Ces systèmes pourraient même aider le personnel des urgences à repérer rapidement les personnes qui sont en détresse émotionnelle et qui ont besoin de soins urgents.
Au service de la santé mentale
Karim Alghoul travaille aussi à la mise au point d’un assistant personnel en psychothérapie qui détecte les émotions grâce aux signes physiologiques et exploite les capacités des grands modèles de langage, comme ChatGPT.
L’assistant ne se contente pas d’attendre que l’utilisatrice ou l’utilisateur lui parle : il peut lancer des conversations en fonction des signaux émotionnels détectés. L’idée est d’offrir un système d’aide plus humain et plus réactif aux personnes éprouvant du stress, de l’anxiété ou un épuisement émotionnel.
Cette approche novatrice qui combine l’intelligence émotionnelle et le traitement du langage naturel ouvre la porte à la création d’outils numériques de soins en santé mentale plus proactifs et empathiques.
Recherche et collaboration axées sur l’être humain
Les travaux du professeur Alghoul sont ancrés dans la collaboration. À l’Université d’Ottawa, il mène ses recherches sous la direction d’Hussein Al Osman, professeur agrégé et responsable du groupe de traitement et d’interaction multimédia, et d’Abdulmotaleb El Saddik, professeur éminent et titulaire de la Chaire de recherche universitaire sur les environnements interactifs ambiants. Le professeur El Saddik est aussi directeur du Laboratoire de recherche sur les communications multimédias.

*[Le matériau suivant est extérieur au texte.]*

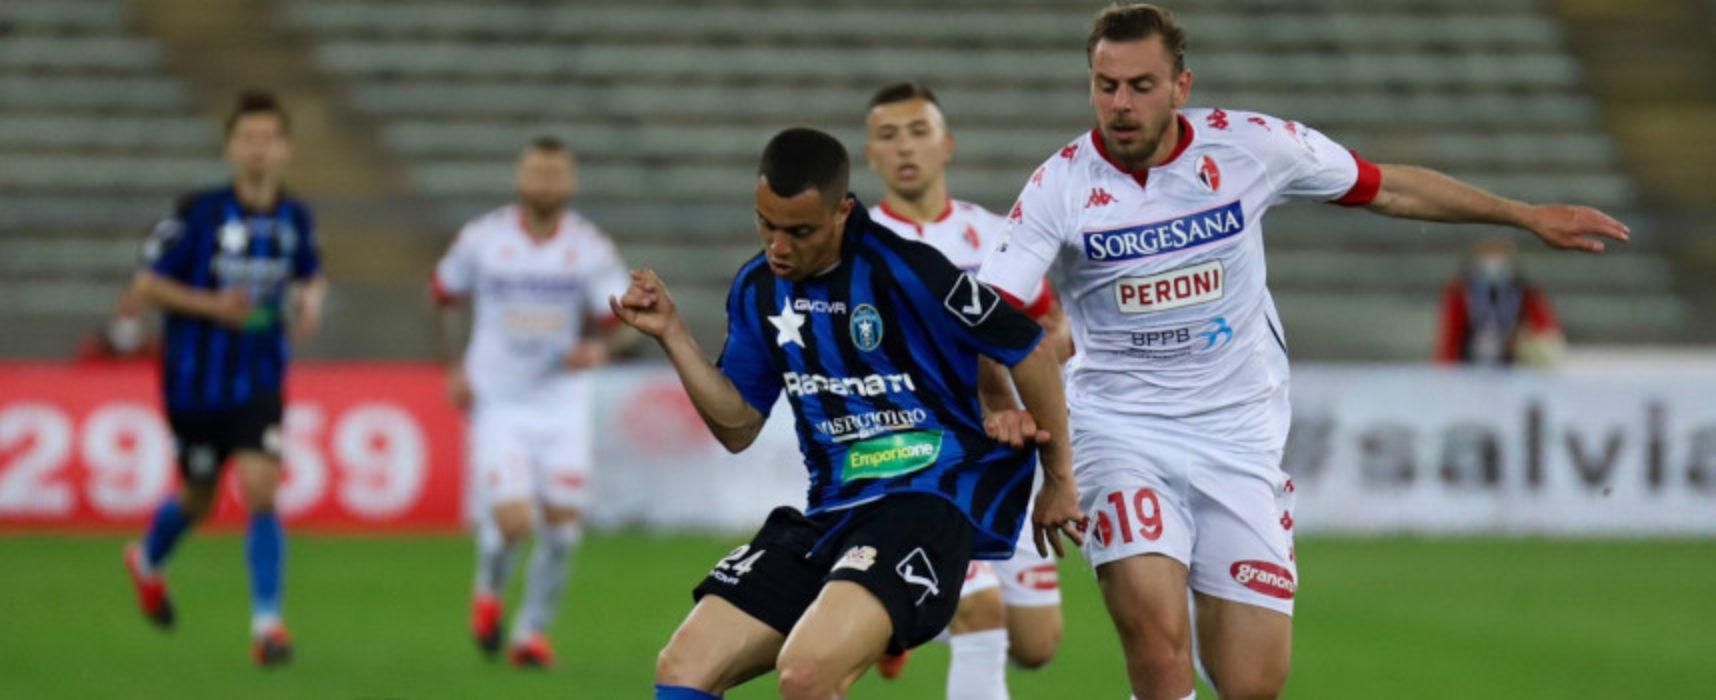 Rocco-gol ma il Bari vince in rimonta

Pour sa part, le professeur Alghoul est candidat au doctorat et possède une expérience professionnelle dans le secteur des télécommunications. Il apporte donc à ses recherches expertise universitaire et connaissance du secteur.
Il prévoit de mettre au point un prototype fonctionnel et de collaborer plus étroitement avec des spécialistes de la psychologie pour que les interventions de ses systèmes d’IA dotés d’une intelligence émotionnelle soient adéquates, éthiques et fondées sur de véritables comportements humains.

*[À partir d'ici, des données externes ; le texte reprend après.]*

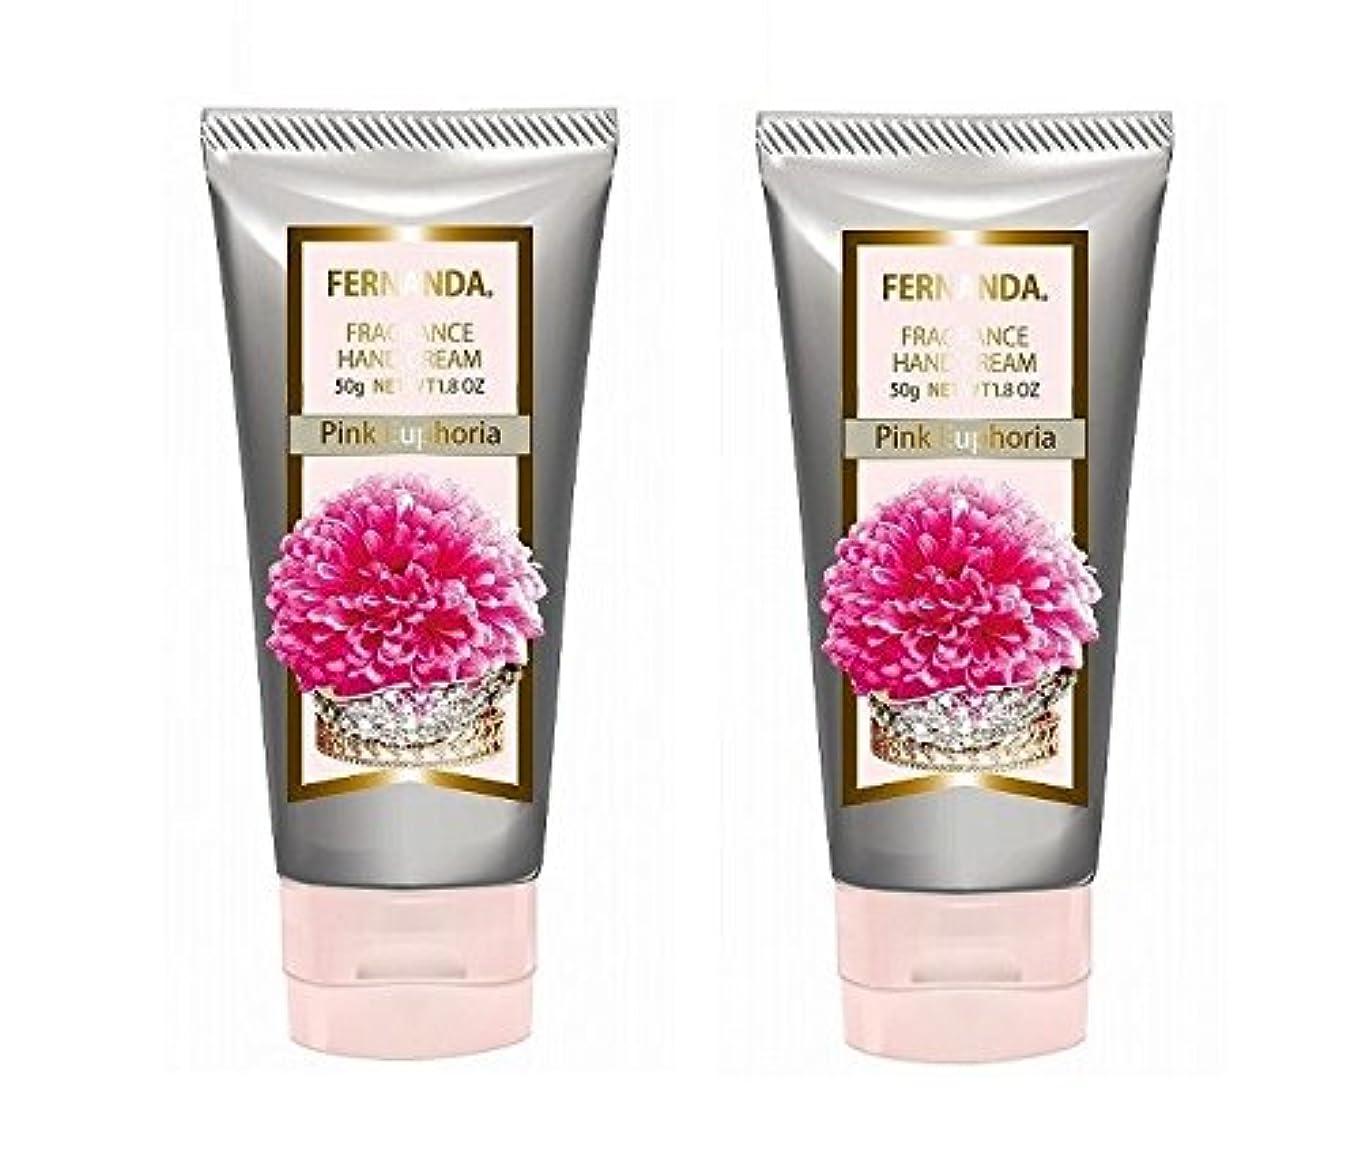 ウェブ磁石端FERNANDA(フェルナンダ) Hand Cream Pink Euphoria (ハンドクリーム ピンクエウフォリア)×2個セット

Vers un avenir numérique plus empathique
À la Faculté de génie de l’Université d’Ottawa, des chercheuses et chercheurs comme Karim Alghoul s’affairent à développer des technologies et des systèmes d’IA dotés d’une intelligence émotionnelle qui seront en mesure d’améliorer nos vies. L’informatique affective est encore un domaine en expansion, mais nous voyons déjà ses effets.

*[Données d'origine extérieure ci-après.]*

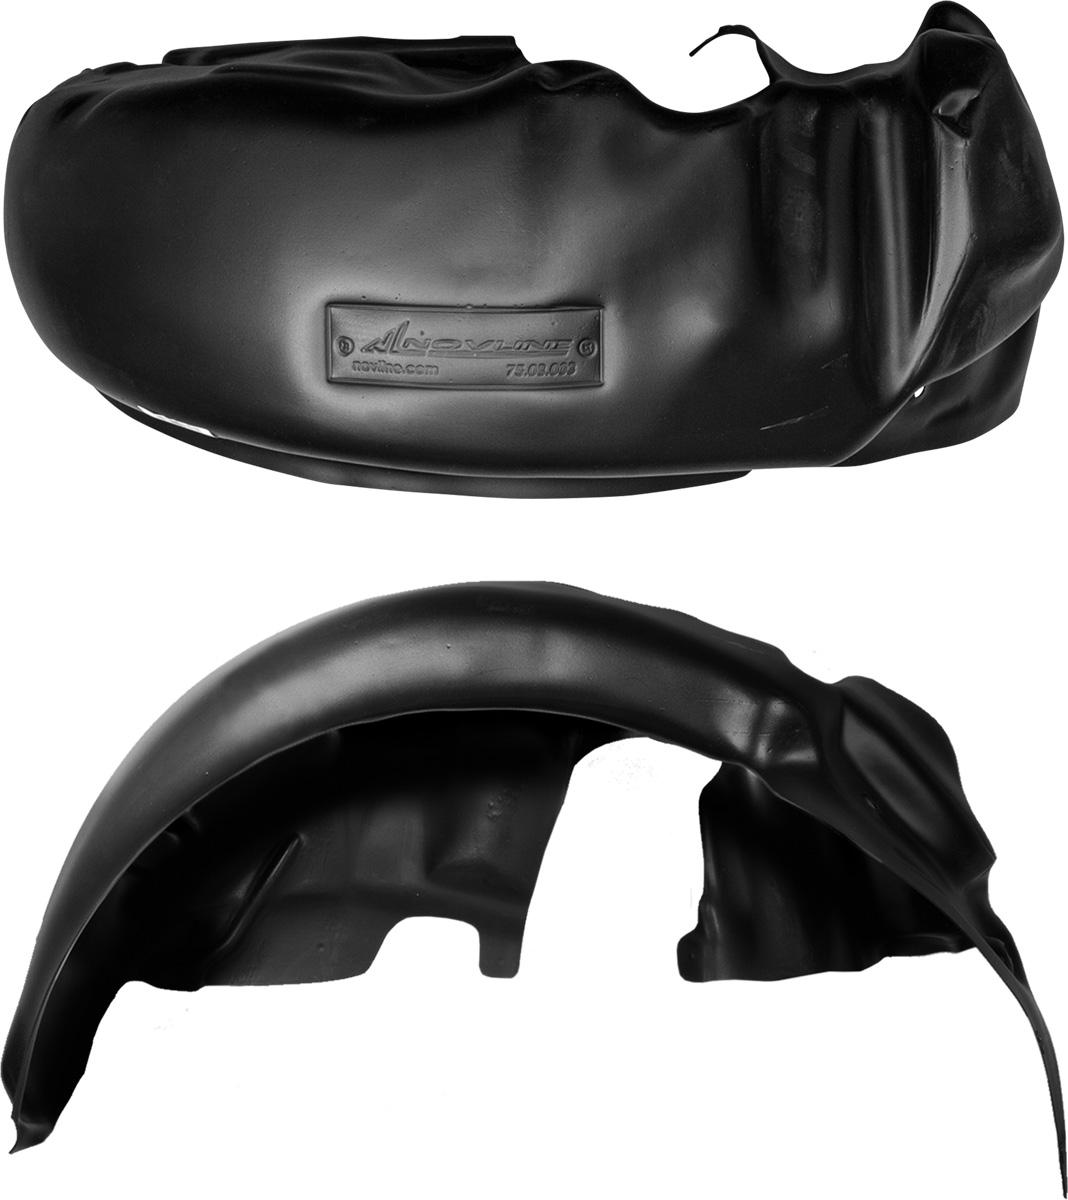 Подкрылок Novline-Autofamily, для Mitsubishi Pajero Sport 2008->, задний левыйNLL.35.20.003Колесные ниши - одни из самых уязвимых зон днища вашего автомобиля. Они постоянно подвергаются воздействию со стороны дороги. Лучшая, почти абсолютная защита для них - специально отформованные пластиковые кожухи, которые называются подкрылками. Производятся они как для отечественных моделей автомобилей, так и для иномарок. Подкрылки Novline-Autofamily выполнены из высококачественного, экологически чистого пластика. Обеспечивают надежную защиту кузова автомобиля от пескоструйного эффекта и негативного влияния, агрессивных антигололедных реагентов. Пластик обладает более низкой теплопроводностью, чем металл, поэтому в зимний период эксплуатации использование пластиковых подкрылков позволяет лучше защитить колесные ниши от налипания снега и образования наледи. Оригинальность конструкции подчеркивает элегантность автомобиля, бережно защищает нанесенное на днище кузова антикоррозийное покрытие и позволяет осуществить крепление подкрылков внутри колесной арки практически без...

Cherchant autant à améliorer le soutien offert en santé mentale qu’à mettre au point de meilleurs outils d’apprentissage, les travaux du professeur Alghoul dans le domaine de l’informatique affective et des technologies sensibles aux émotions contribuent à façonner un avenir où les machines seront capables de comprendre les données… mais les gens également.